Case Presentation: A 56 years old man with a history of CMV-negative hematopoietic stem cell transplant (HSCT) for acute lymphoblastic leukemia (ALL) six years previously, complicated by cutaneous graft versus host disease (GVHD) on mycophenolate presented to the emergency department after three months of progressively worsening shortness of breath that has significantly worsened in the previous week, leading to outpatient treatment with amoxicillin-clavulanic acid and clarithromycin without improvement. Regular screening pulmonary function tests three months previously revealed slightly impaired diffusion capacity of carbon monoxide, but no obstructive processes. On presentation, vital signs were notable for fever to 101.8 (38.8C) and exam revealed coarse crackles on lungs auscultation bilaterally. Laboratory studies were remarkable for leukocytosis to 12.8 and sodium of 129. Chest X-ray revealed bilateral opacities concerning for atypical pneumonia. The patient was started on broad spectrum intravenous antibiotics, however his respiratory status continued to worsen, at which time a chest CT revealed diffuse ground glass opacities. Subsequent viral testing, including PCR for SARS-CoV-2, was negative. Bronchoscopy was done with no evidence of malignancy or infection, including multiple negative fungal PCR studies and PJP DFA and culture. At this time, the patient’s lung disease burden with continuous high oxygen requirements by high flow nasal cannula and occasionally non rebreather mask were suggestive of markedly increased risk of both transbronchial and open lung biopsy. At this time, the decision was made to start empiric steroid therapy (1mg/kg prednisone) for presumed organizing pneumonia secondary to HSCT. The patient experienced subjective symptom improvement within 24 hours, and a decrease in supplemental oxygen requirement within 48 hours, though he was not able to be weaned off oxygen prior to discharge from the hospital.

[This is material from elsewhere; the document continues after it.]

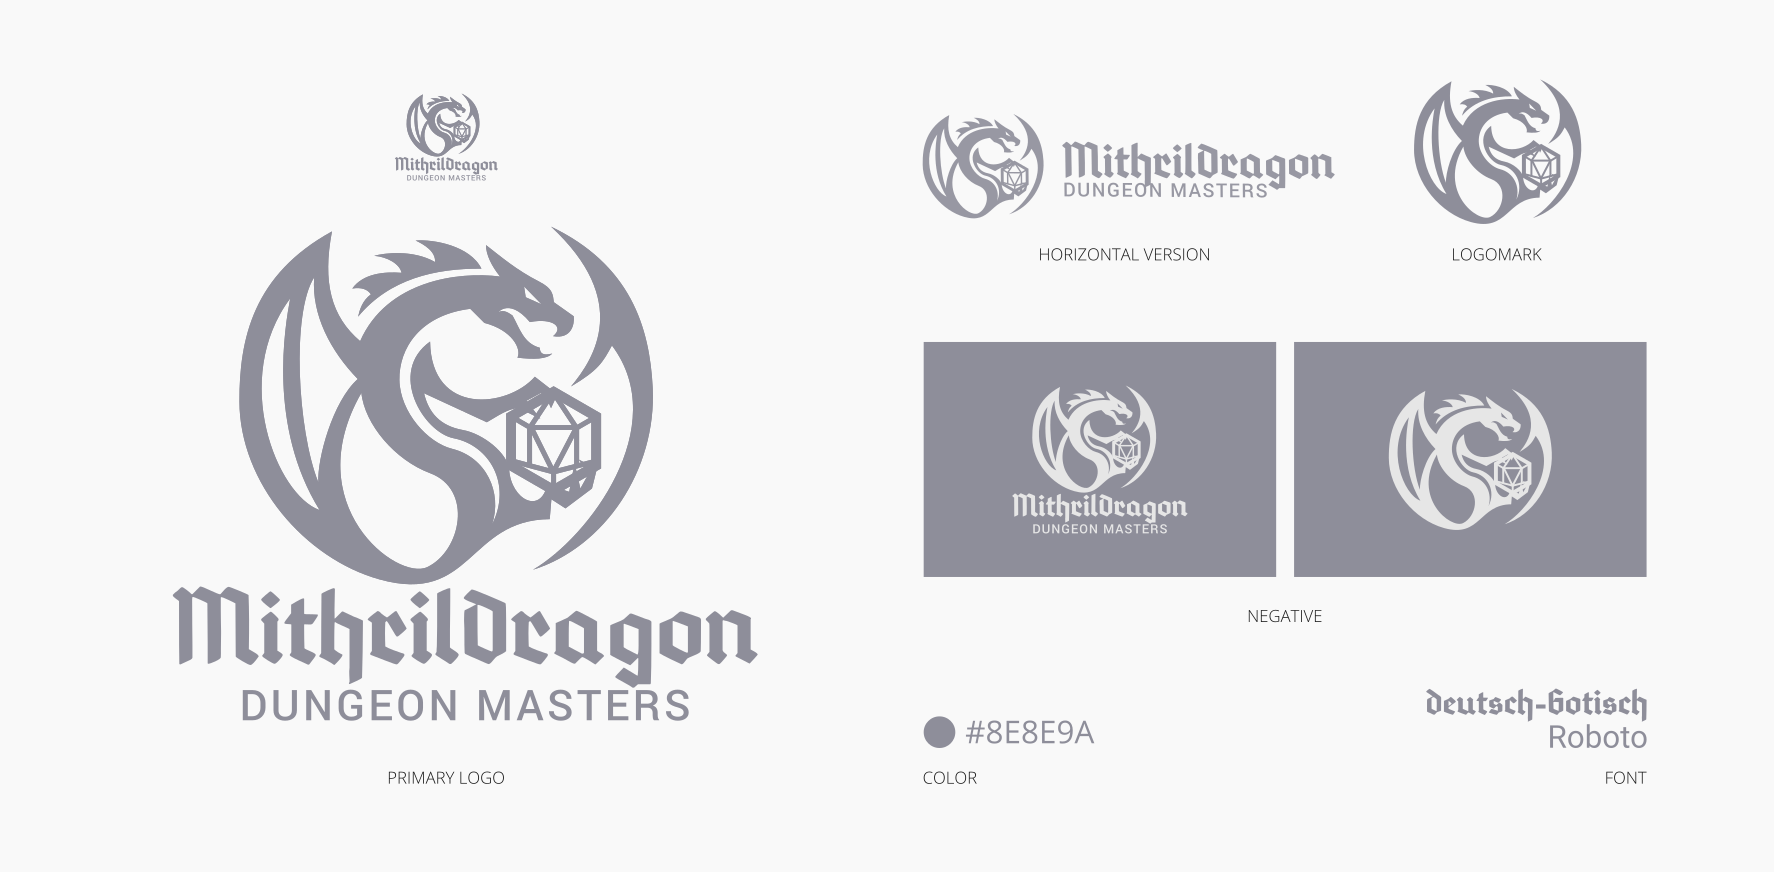 The logo design and brand style guide for Mithril Dragon Dungeon Masters

Discussion: Pulmonary complications of HSCT are common, and are typically divided into peri-engrafment, early post-transplant, and late post-transplant complications. Both infectious and non-infectious etiologies of lung disease are possible at each stage. Late post-transplant pulmonary complications are defined as occurring >100 days after transplant. The predominant late pulmonary complications include cryptogenic organizing pneumonia (COP, formerly known as bronchiolitis obilterans organizing pneumonia, or BOOP), and bronchiolitis obliterans syndrome (BOS). Biopsy is gold-standard for diagnosis of late non-infectious pulmonary complications of HSCT, but, as in the case of our patient, may not be tolerated due to the extent of illness. In this case, the diagnosis may be made after exclusion of infectious etiologies, as treatment is pulse dose steroids (0.5mg-1mg/kg) for a prolonged period of time, followed by a slow taper. While “late onset” is defined as >100 days after transplant, our patient was six years post-transplant.

Conclusions: Pulmonary complications of HSCT can develop even years after illness. While diagnosis with biopsy is the gold standard, there is significant morbidity with open lung biopsy. As more patients survive longer from the time oF HSCT, there will be a great incidence of these patients treated in general wards and outside of highly specialized bone marrow centers, so the hospitalist should be aware of and vigilant for late-onset GVHD-associated lung disease.